On Tuesday, 19 July 2016 at 16:50:56 UTC, Rufus Smith wrote:
On Tuesday, 19 July 2016 at 16:09:38 UTC, Lodovico Giaretta
wrote:
On Tuesday, 19 July 2016 at 15:55:02 UTC, Rufus Smith wrote:
I have some functions that take other functions. I would like
the attributes to be able to "fall" through so I get overload
like behavior. I only care that I am passing a function, not
if it is shared, extern(C), pure, @nogc, etc.
void foo(R, A...)(R function(A) bar)
{
alias type = typeof(bar);
pragma(msg, type);
// does magic with bar
}
foo never uses the attributes of bar explicitly. It uses type
to instantiate other functions like bar. I have to create a
foo for each attribute combination, which is not worth while.
The code seems to break only for extern, the best I can tell,
most attributes do pass through.

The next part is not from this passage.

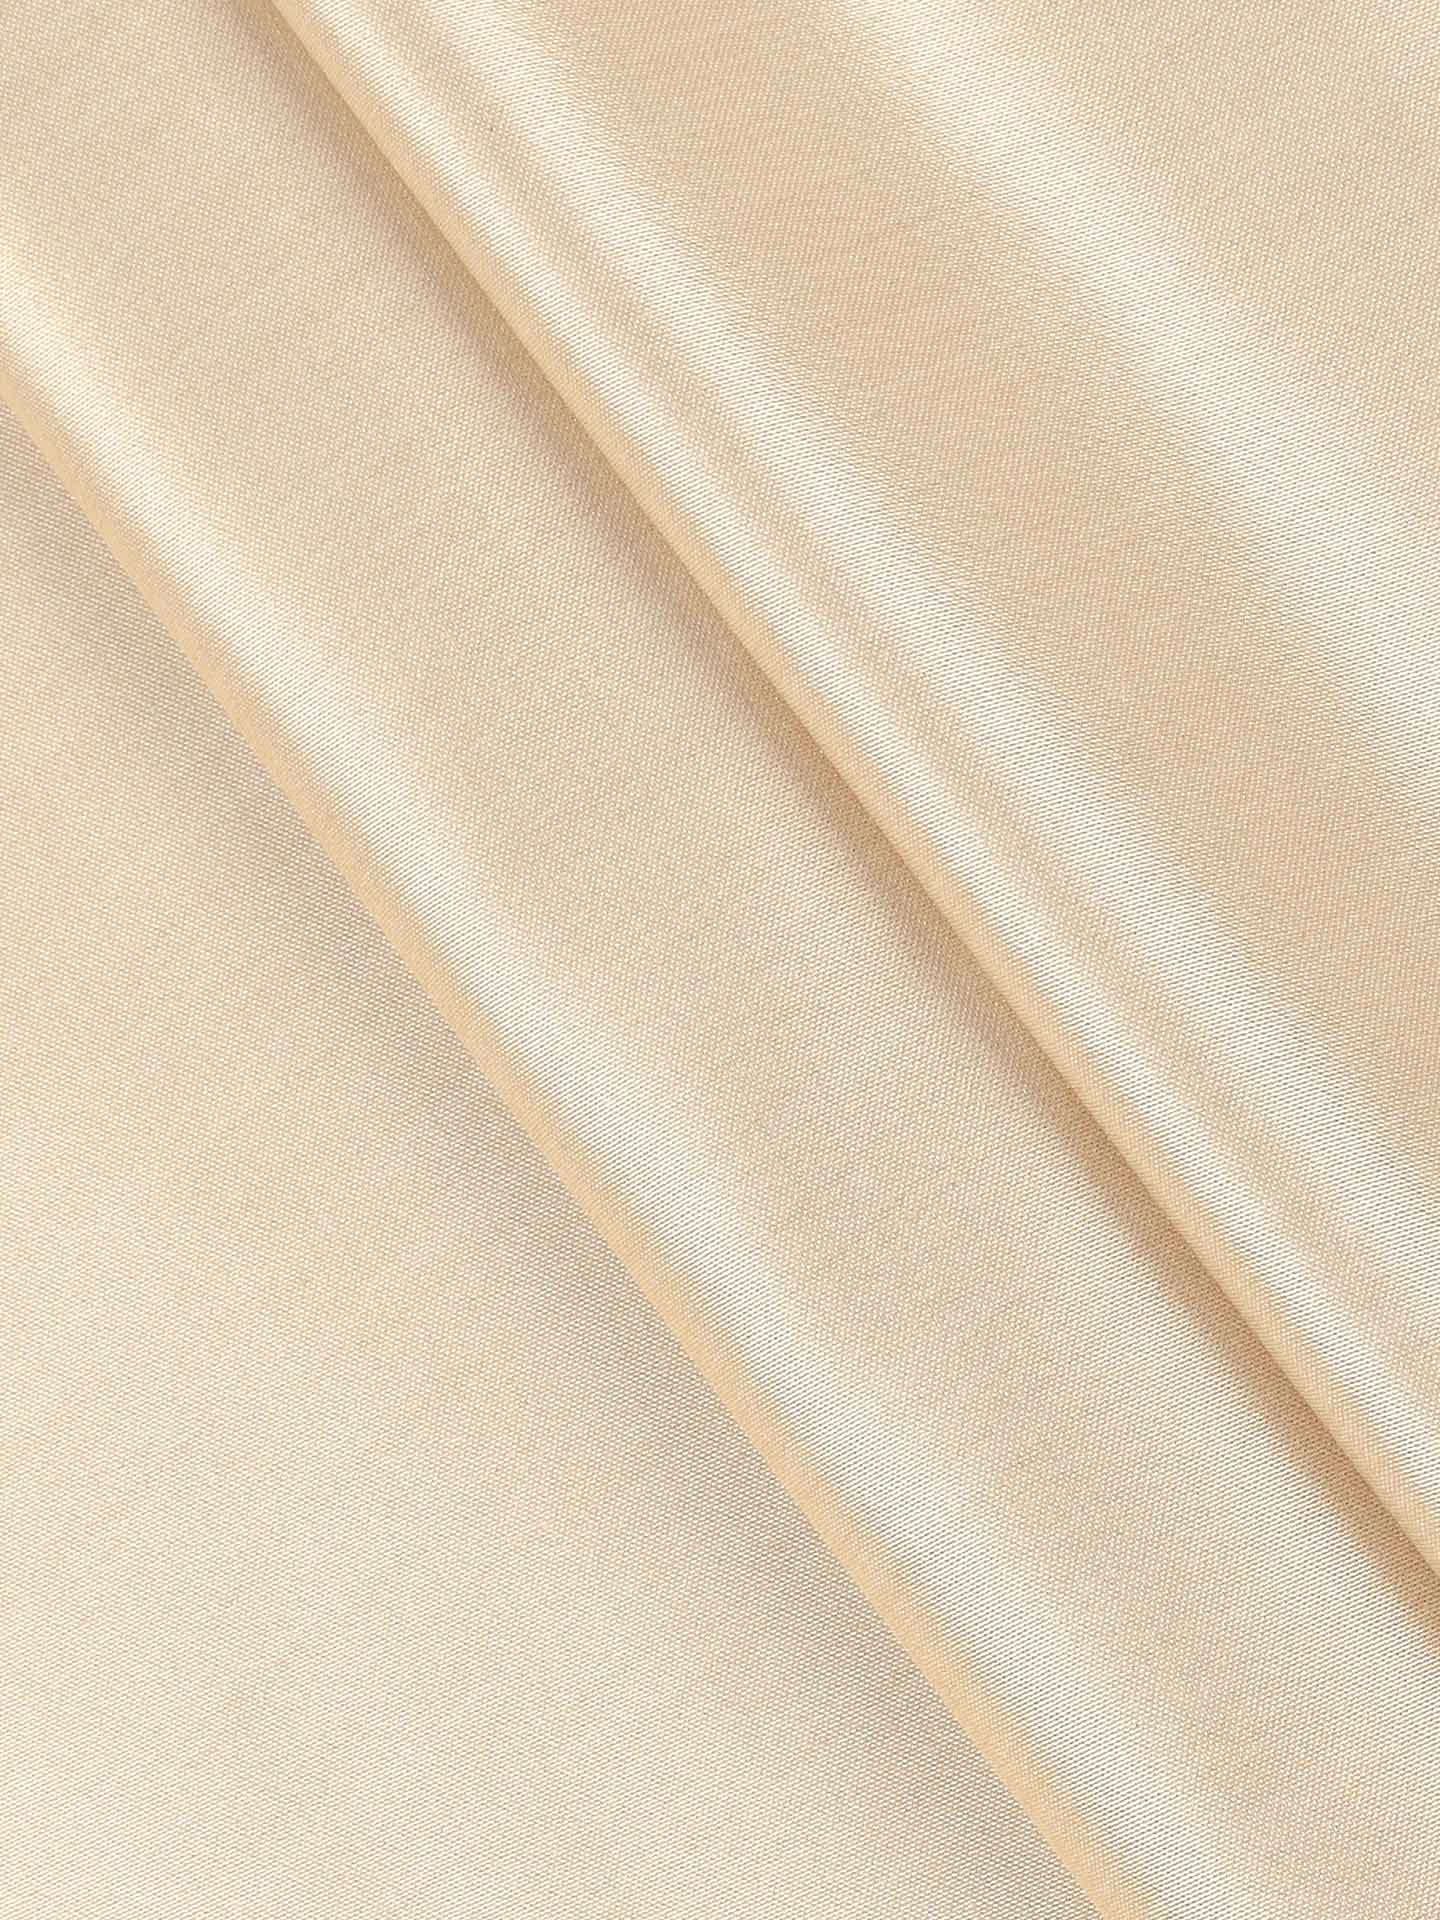 Cotton Colour Plain Pants Fabric Sandal Style Craft-Pattern view

But type does not contain
these attributes.
You shall do something like this (please note that I didn't
check the docs while writing this; you shall definitely have a
look at std.traits and consider the following as pseudo-code
and not actual D):
void foo(Fun)(Fun bar)
if (isSomeFunction!Fun) // your constraint that bar is a
function
{
// how to get your R and A types, if you need them:
alias R = ReturnType!bar;
alias A = Parameters!bar;
alias type = Fun;
pragma(msg, type);
// do some magic
}
But this doesn't create a function with all the attributes of
the original? Just one that has the same return type and
parameters. What if Fun is pure or extern(C) or some other
attributes? I'd like to create a function that is exactly the
same in all regards as the original.
Sorry, I misunderstood your question.
With the method I showed you, if the function is @safe, pure,
@nogc or nothrow, foo will infer those attributes. But only if
the operations you do in foo (apart from calling bar) are
themselves @safe, pure, @nogc or nothrow.
For other things, like extern(C), I don't think there's a simple
solution; but I'm not an expert, so I hope someone else will give
you a better answer.